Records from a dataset
__________________________________________________
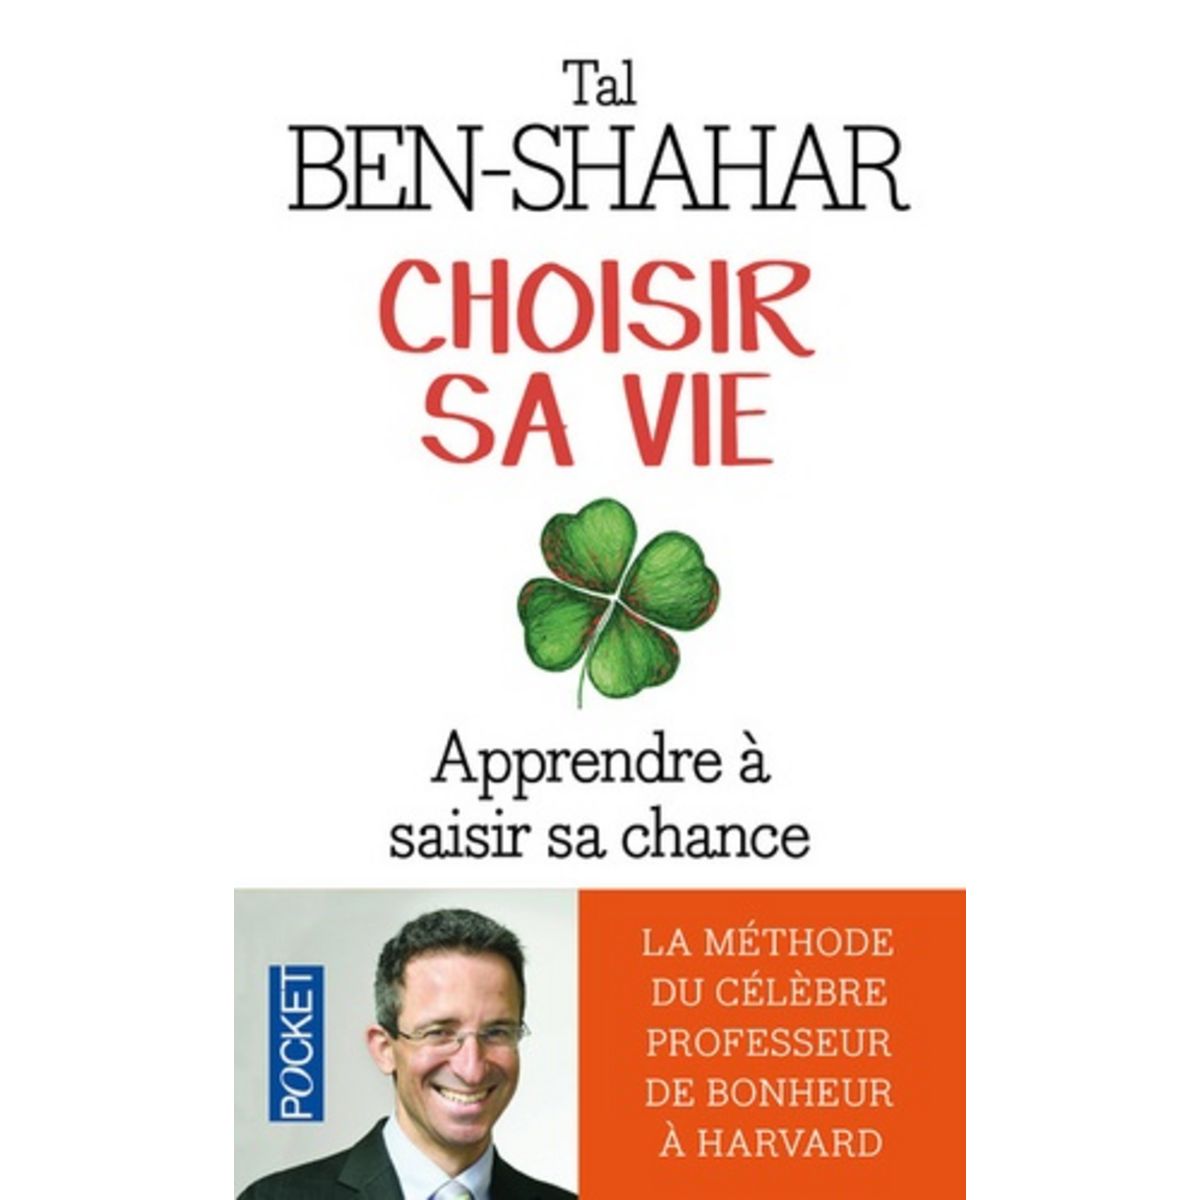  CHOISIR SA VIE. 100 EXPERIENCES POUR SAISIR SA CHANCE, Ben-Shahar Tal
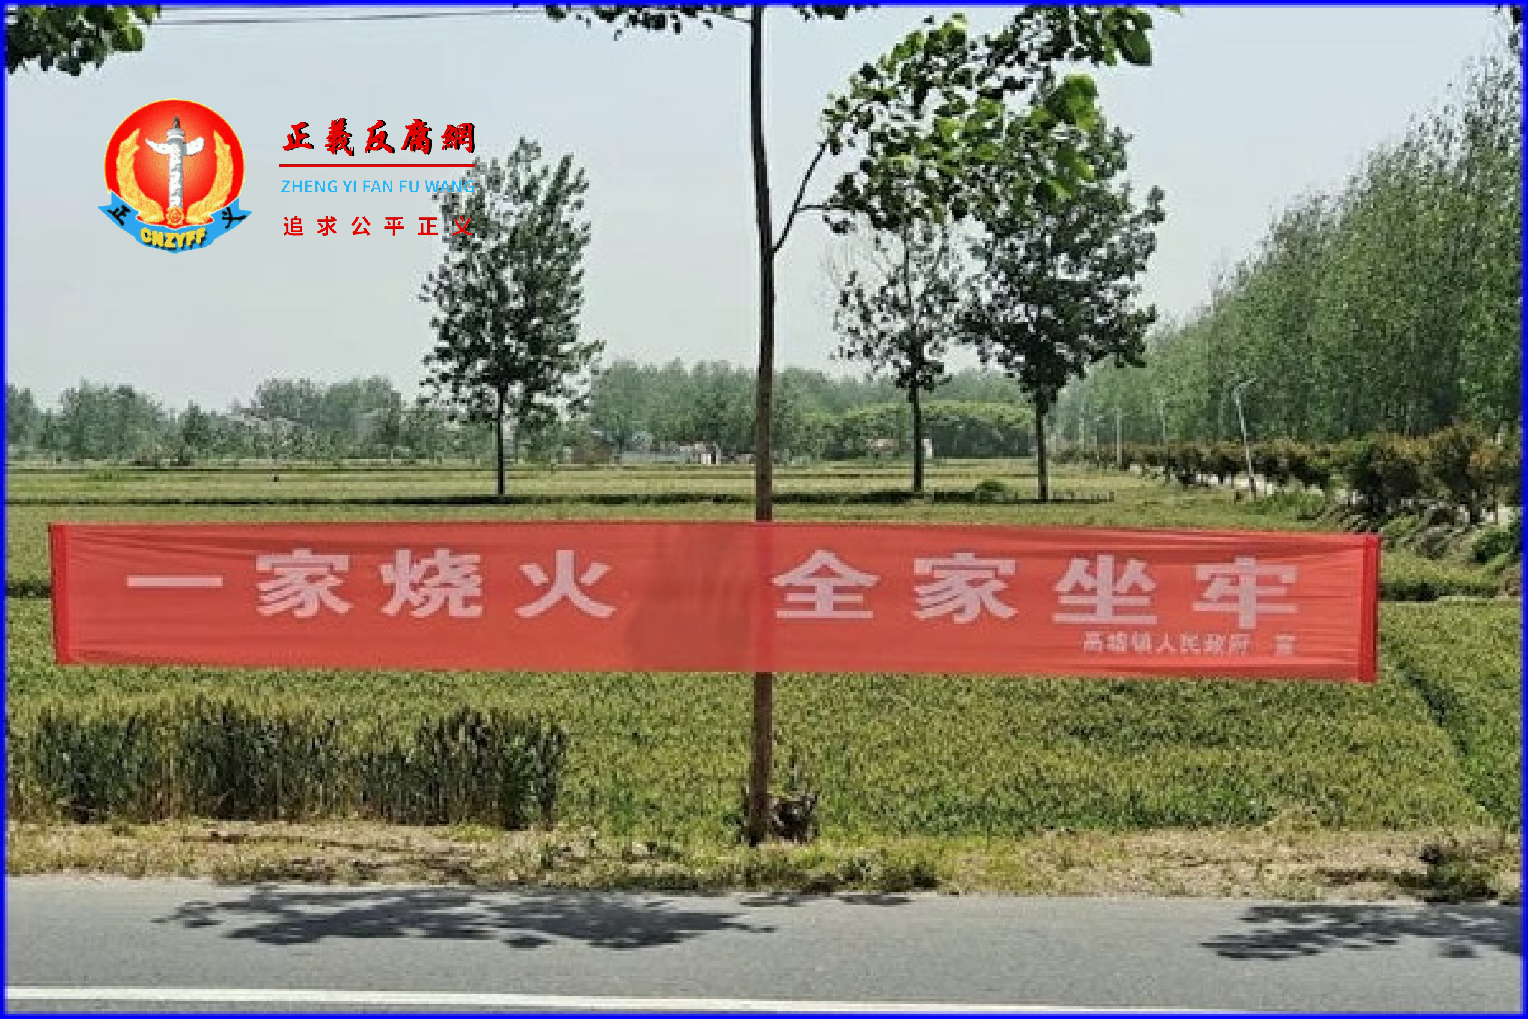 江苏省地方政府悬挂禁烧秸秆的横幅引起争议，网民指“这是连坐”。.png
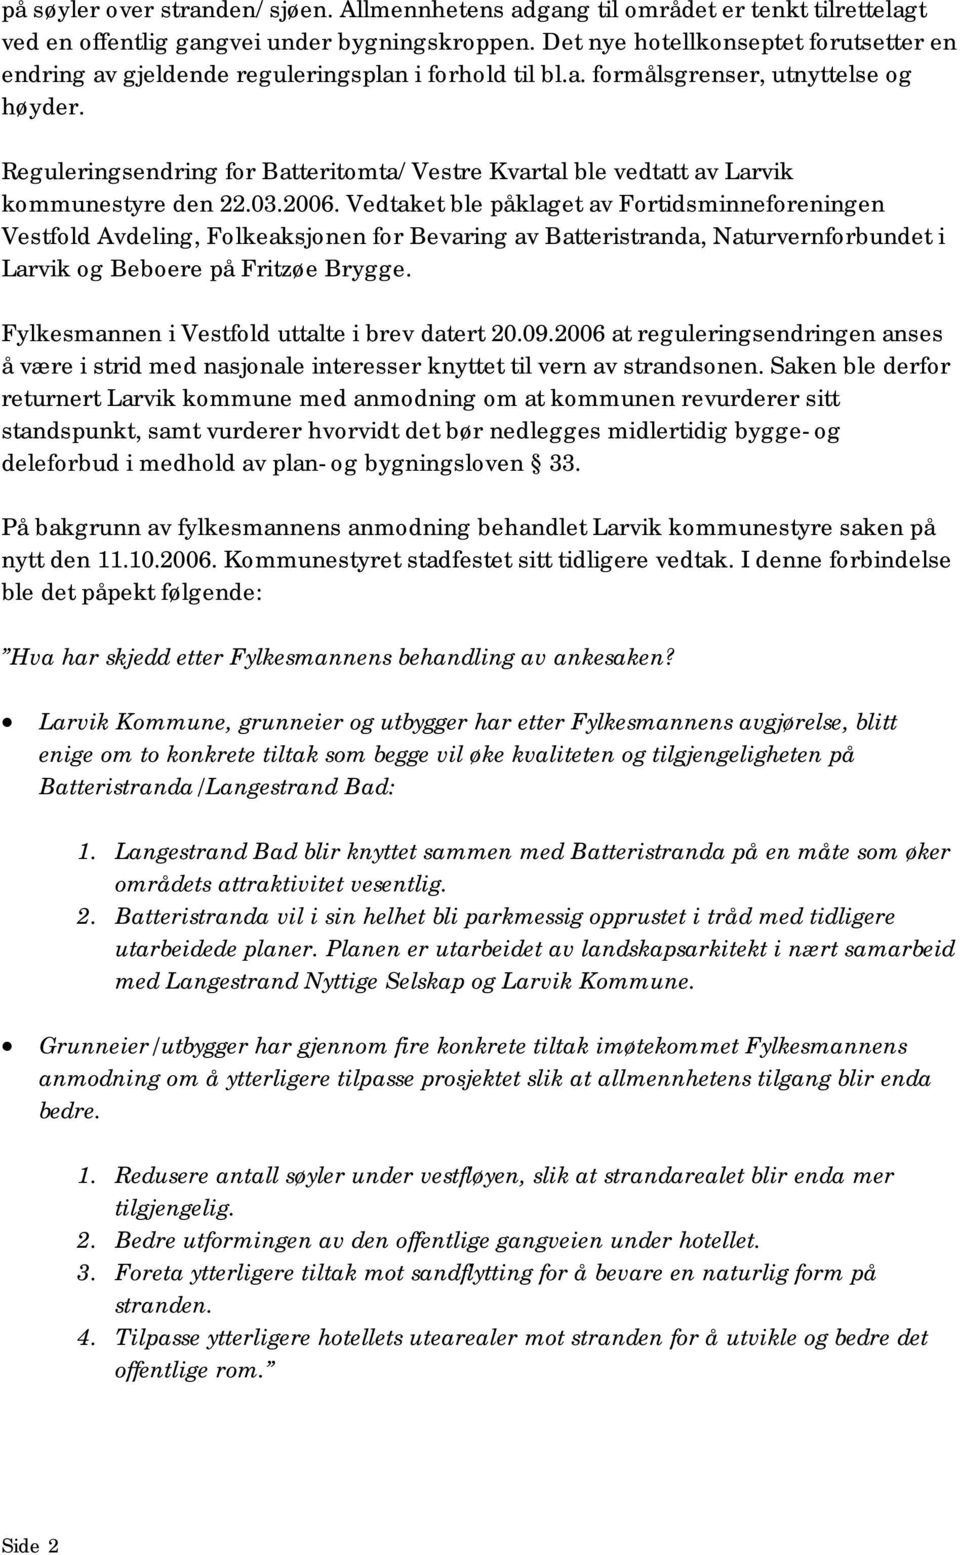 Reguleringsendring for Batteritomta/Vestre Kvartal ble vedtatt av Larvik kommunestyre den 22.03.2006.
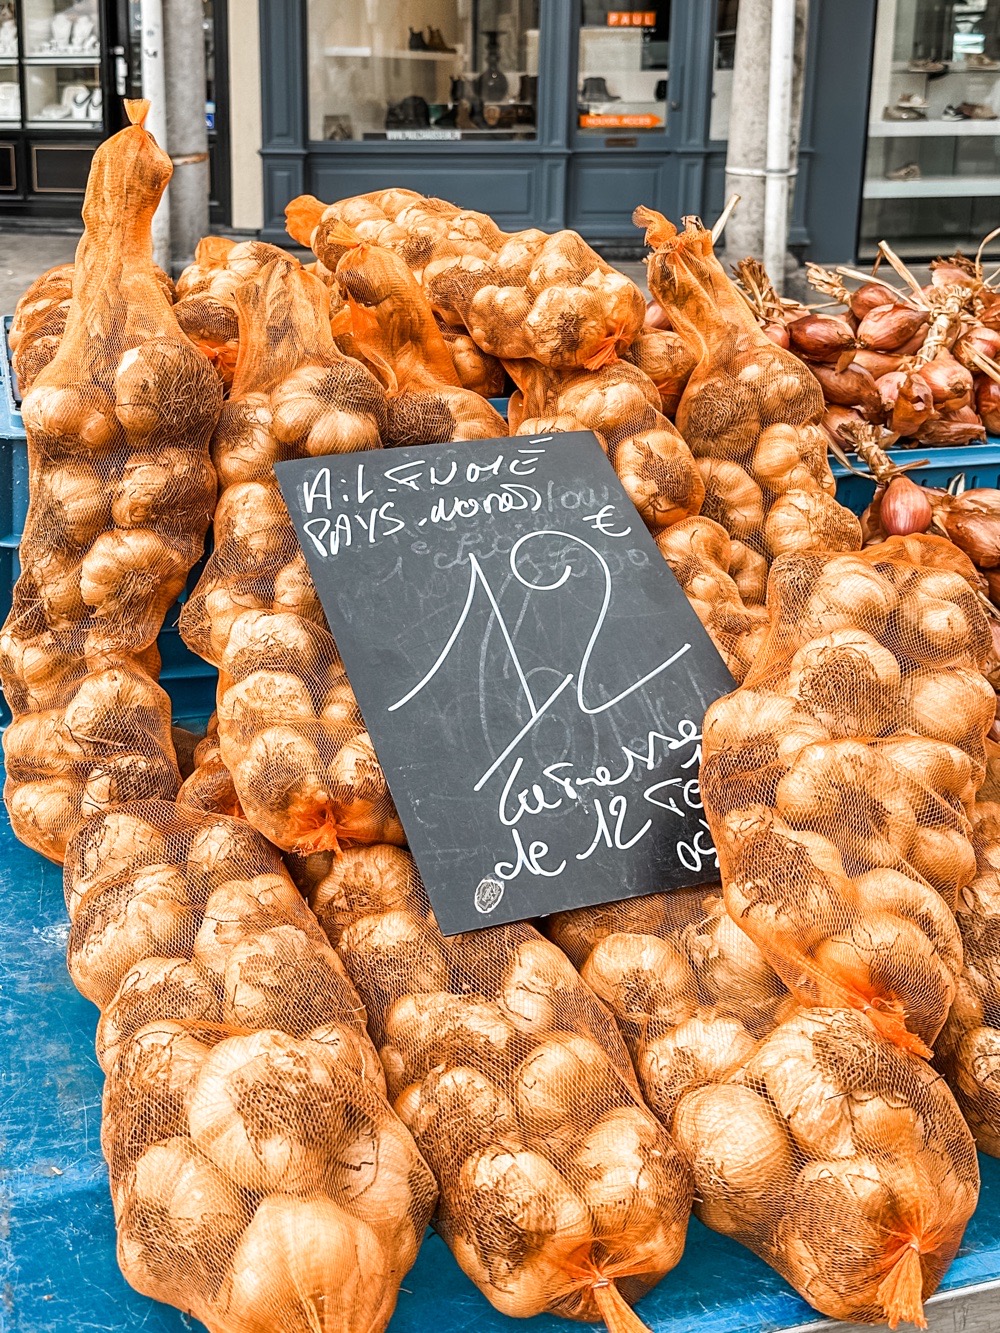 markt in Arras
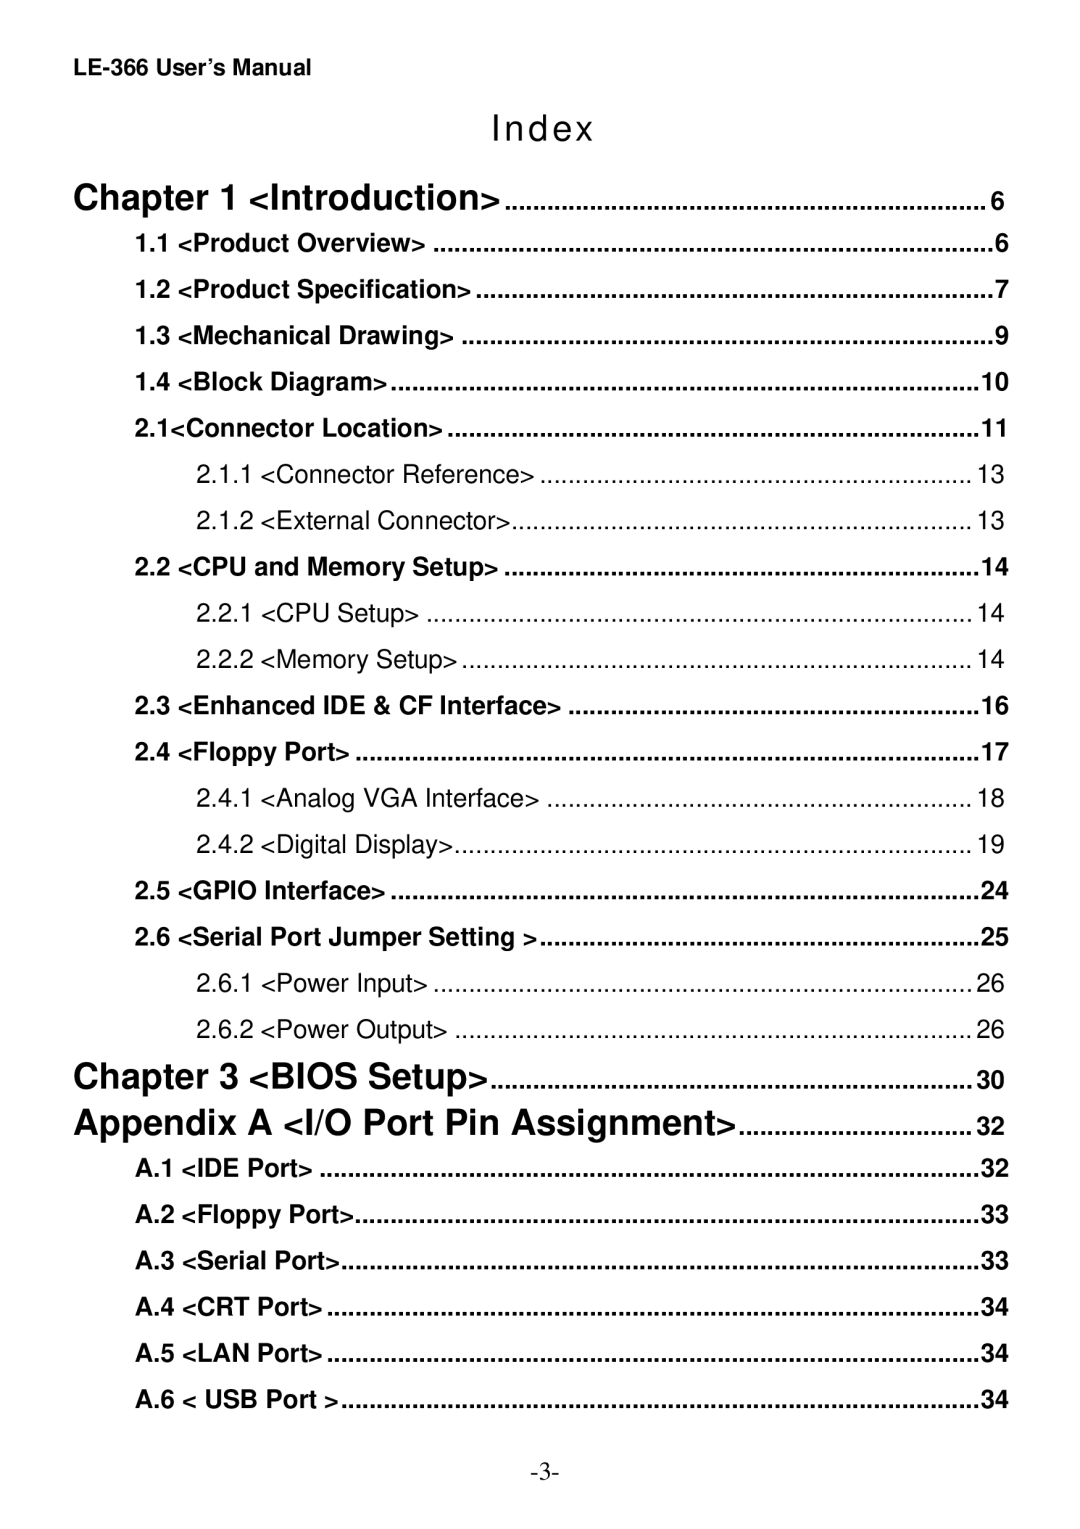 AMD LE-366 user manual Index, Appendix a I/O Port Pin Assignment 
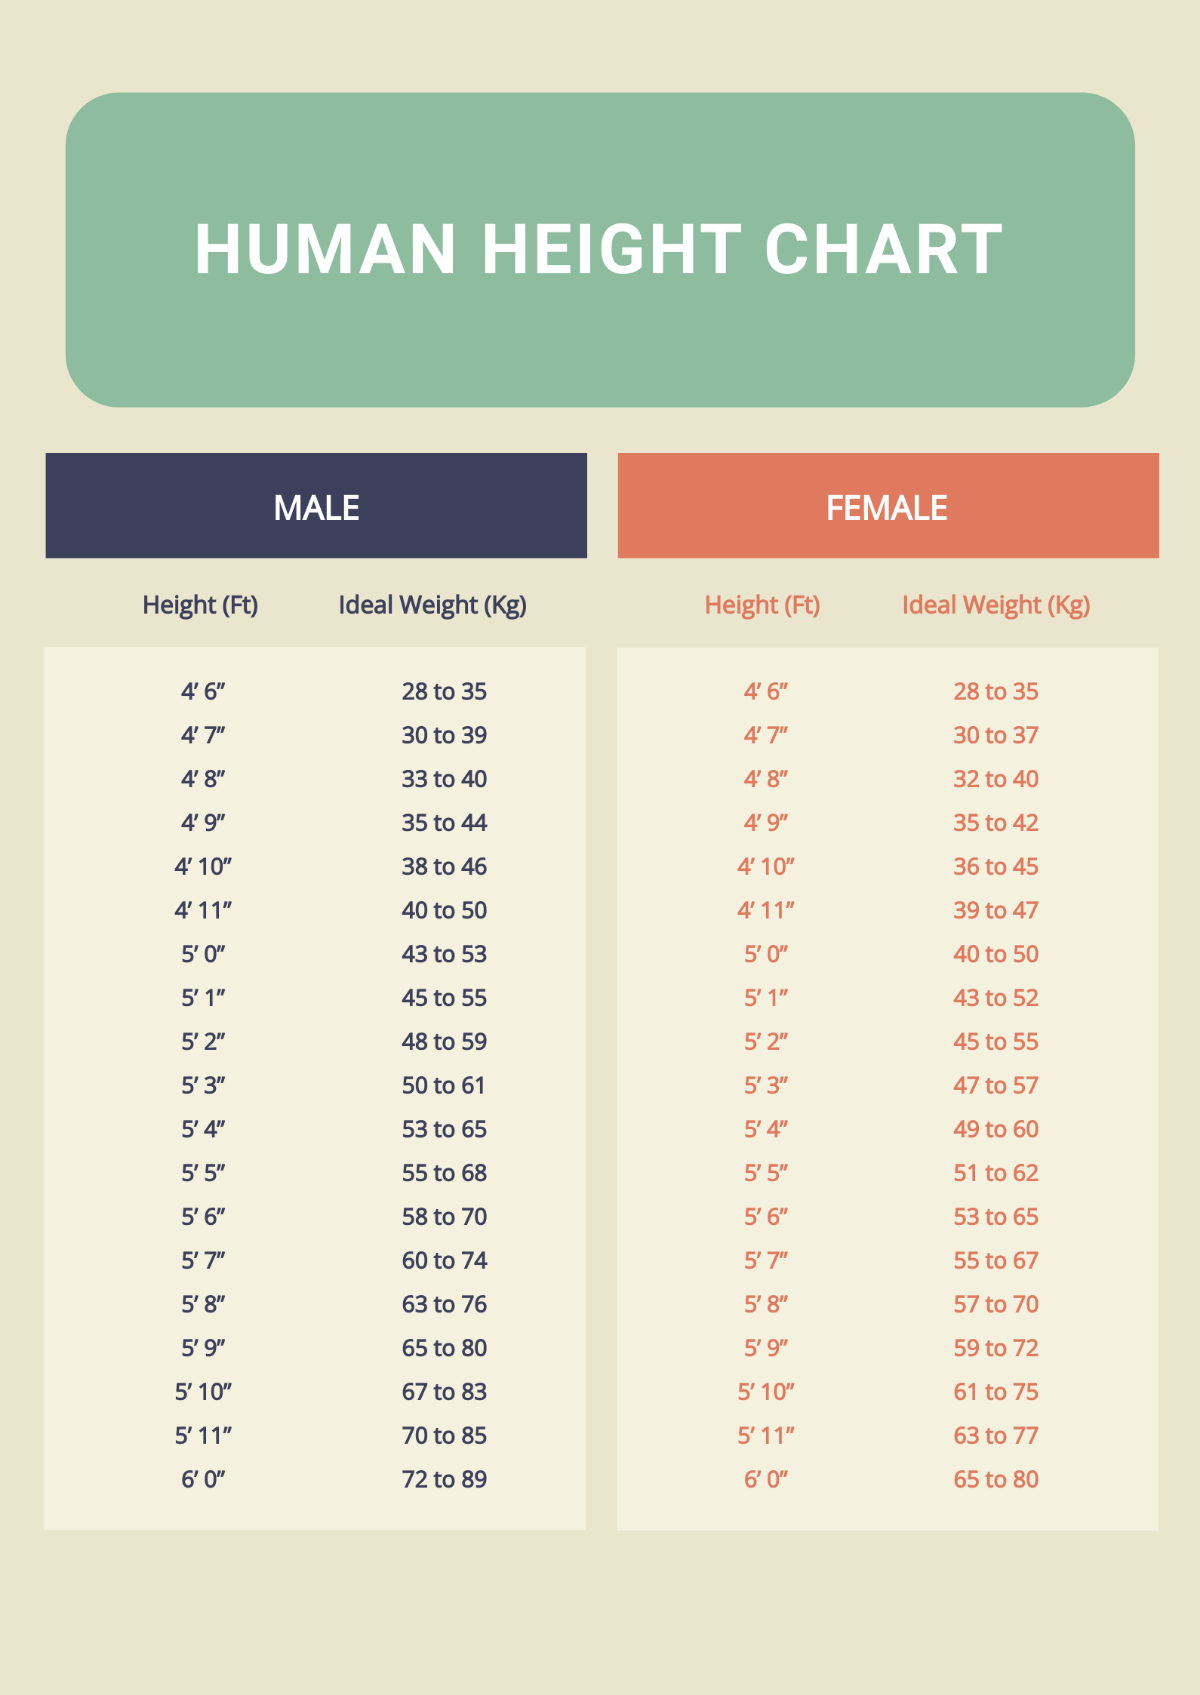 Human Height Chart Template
__________________________________________________
- [What you are asked to do]: Output each entry above word for word. The pictures stay out.

- [Your response]:
  CHOISIR SA VIE. 100 EXPERIENCES POUR SAISIR SA CHANCE, Ben-Shahar Tal
 江苏省地方政府悬挂禁烧秸秆的横幅引起争议，网民指“这是连坐”。.png
 Reguleringsendring for Batteritomta/Vestre Kvartal ble vedtatt av Larvik kommunestyre den 22.03.2006.
 markt in Arras
 AMD LE-366 user manual Index, Appendix a I/O Port Pin Assignment 
 Human Height Chart Template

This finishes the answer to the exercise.